SLC25A36 O Plasmídeo de Nickase Dupla (m) consiste num par de plasmídeos combinados, concebidos para a edição de alta especificidade do locus Slc25a36 em linhas celulares mouse. Cada plasmídeo expressa uma nickase Cas9 D10A e um sgRNA distinto que tem como alvo cadeias de ADN opostas dentro de Slc25a36. Quando direcionadas para locais adjacentes em cadeias de ADN opostas, as duas nickases geram cortes deslocados numa única cadeia que, em conjunto, produzem uma quebra escalonada de cadeia dupla, exigindo uma atividade coordenada no alvo por parte de ambas as guias. A quebra de ADN resultante é resolvida por vias de reparação celular endógenas, mais frequentemente através da junção de extremidades não homólogas (NHEJ), levando a inserções ou deleções que perturbam a função Slc25a36. Ao exigir o envolvimento de dois sgRNA no locus alvo, a abordagem de dupla nickase aumenta a especificidade da edição e fornece uma estratégia CRISPR complementar para aplicações em que se deseja um controlo adicional sobre a precisão do direcionamento.

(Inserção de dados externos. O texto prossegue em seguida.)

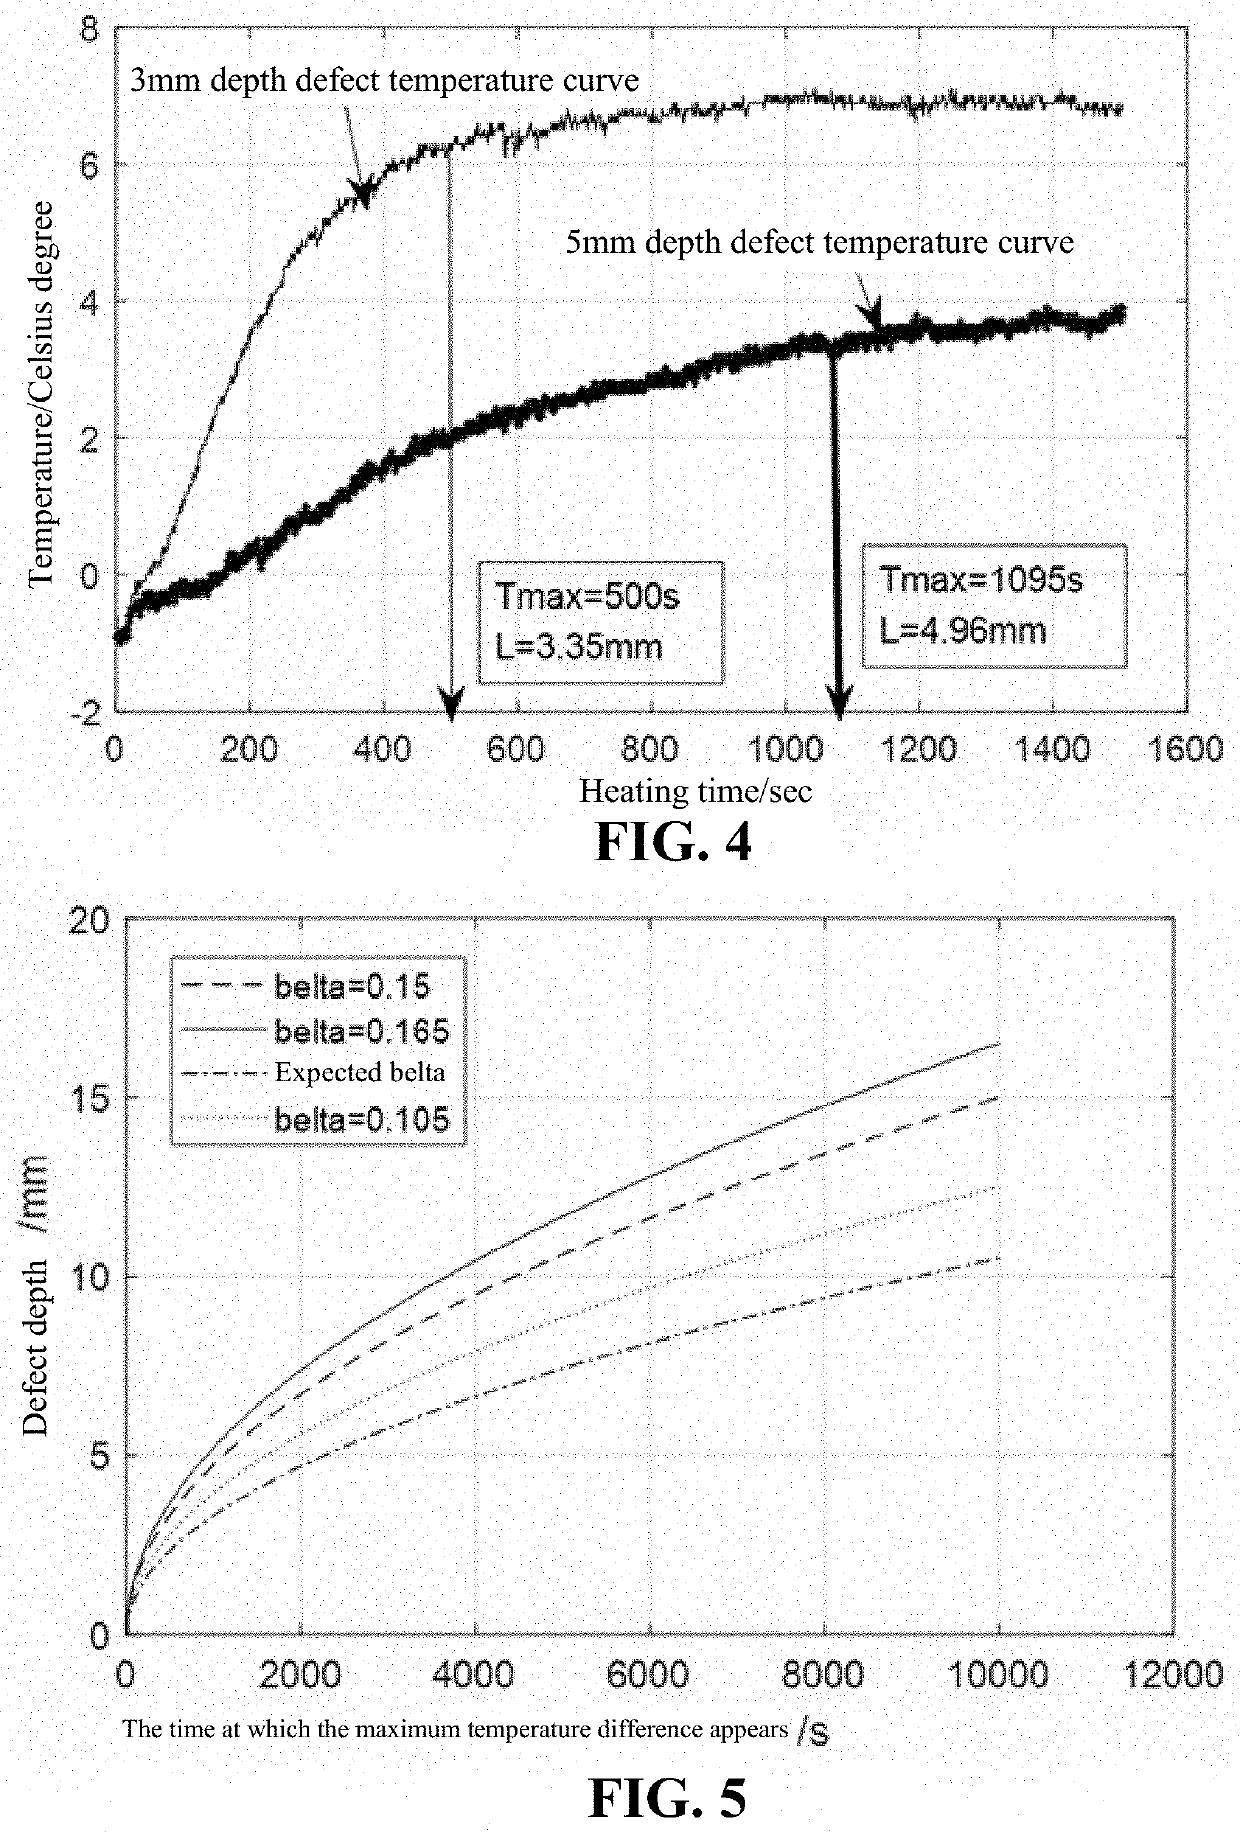 Method of measuring depth of defects in large-scale wind turbine blade using infrared thermography

Para apoiar a identificação eficiente das células editadas, um plasmídeo codifica GFP para visualização fluorescente das populações transfectadas, enquanto o plasmídeo complementar transporta um gene de resistência à puromicina para seleção antibiótica. Em conjunto, estas características apoiam o enriquecimento eficiente das populações co-transfectadas e simplificam a validação dos clones com Slc25a36 interrompido.
Apenas para uso em investigação. Não se destina a uso diagnóstico ou terapêutico.